A Eulogy for the Word "Basic" (2000–2014), Because the Time Has Come to Put It Six Feet Under
Friends, family members, Lauren Conrad: Thank you for joining us here today as we deliver the word Basic to its final resting place. Basic's last year on earth was an active one: After beginning life in the late '00s as a phrase from hip-hop culture describing one who fronts as a cool person but is actually a loser, Basic finally decided that 2014 would be her year.
And it was — this year, Basic captivated us all as a simple way to describe the personalities and aesthetics of women drawn to Uggs, Sex and the City, inspirational quotes incorrectly attributed to Marilyn Monroe, skinny margaritas, "sweater weather," and other cultural signifiers of mediocre taste. Oh, and also, pumpkin-flavored sh*t. Lots and lots of pumpkin-flavored sh*t.
But do not cry for Basic now, for she has gone on to a better place. A place where there is no pain; a place where there are no carbs; a place where everyone gets to be the "Charlotte" of the group, and everyone wears pink on Wednesdays.
Spring saw the term finally reach the peak of its power, with all sorts of publications rushing out to define the meaning of Basic and make cases both against and for her. College Humor helped spread the gospel of Basic with a wildly popular video about the term. I will now screen this video, to help us all remember Basic in happier times. Boxed Set of Felicity DVDs, would you mind getting the lights?
Seeing her in that video, so lively and full of promise, it's hard to believe that we wouldn't have another 30 years with Basic, years in which she would help us mock our own tendency to wear summer-weight scarves and sweatpants with "funny" sayings across the butt, or help us critique that one friend from college who buys those scented candles with the fake diamond rings inside. We thought we had nothing but decades of happiness ahead.
Yet in our rush and enthusiasm to identify the Basic in the wild and admit that we all have our own moments of basicness, we missed the signs. Even as she peaked, Basic was already beginning to fade away from us. Over the course of the fall — Basic's favorite season —not only was she a subject of derision for everyone from sassy pre-teens to RuPaul to Vice magazine; many women spoke about how the term "basic" was degrading — yet another way to excuse casual misogyny, act classist, and create frivolous reasons to take women less seriously.
And by the time that autumn's last latte Instagram had been liked, we reached a cultural consensus that making fun of "basicness" was the most basic thing you could possibly do.
While we were wound up in our own egos, trying to decide Basic's fate, she began slipping away from us on her own.
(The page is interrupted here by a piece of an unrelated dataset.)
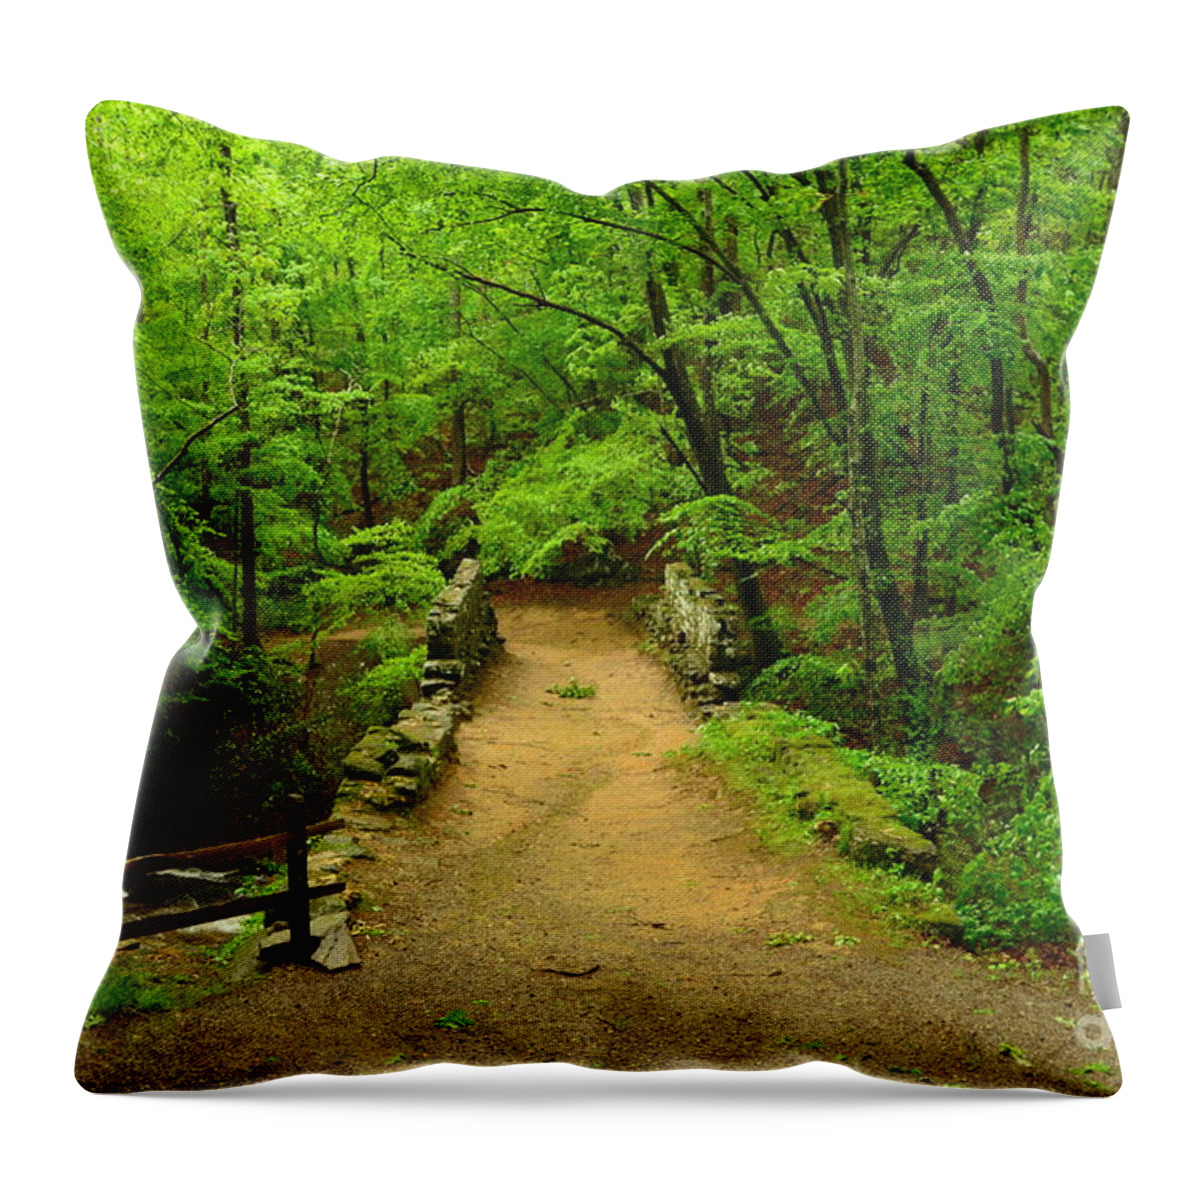 Green Throw Pillow featuring the photograph Century Old Stone Bridge by Bob Sample

She was showing up drunk for work with stains on her yoga pants; she forgot to pre-order the new Taylor Swift album; she was giving away her autographed copy of Eat, Pray, Love; she was getting forcibly ejected from the North Face outlet store for disruptive behavior. Like so many before us, we did not see the signs because we did not want to; we did not know what was happening until it was too late, and Basic was gone.
But do not cry for Basic now, for she has gone on to a better place. A place where there is no pain; a place where there are no carbs; a place where everyone gets to be the "Charlotte" of the group and everyone wears pink on Wednesdays.
And so, let us not mourn Basic, but celebrate the five minutes in which the whole thing seemed kind of like a fun and pleasantly self-deprecating way to make fun of our own tastes, not when it became creepy and sexist and mean. Basic never wanted to be mean. Basic strove to emulate her humanitarian hero, Audrey Hepburn, and fight for kindness and civility wherever she went. Let us keep Basic in our hearts every time we want to make a snarky comment about someone who is obsessed with Starbucks, or owns a picture frame that says "Live Laugh Love."
Basic had a chaotic year, but I think this is how she would have wanted to go: gently, with very little fuss, while everyone was preoccupied with watching Love, Actually and drinking chestnut praline lattes.
We will never forget you, Basic. You were gone too soon, but also kind of not gone soon enough. May peace be with you.
The family has requested that, in lieu of flowers or donations, mourners simply put on some jeggings and watch Friends at home.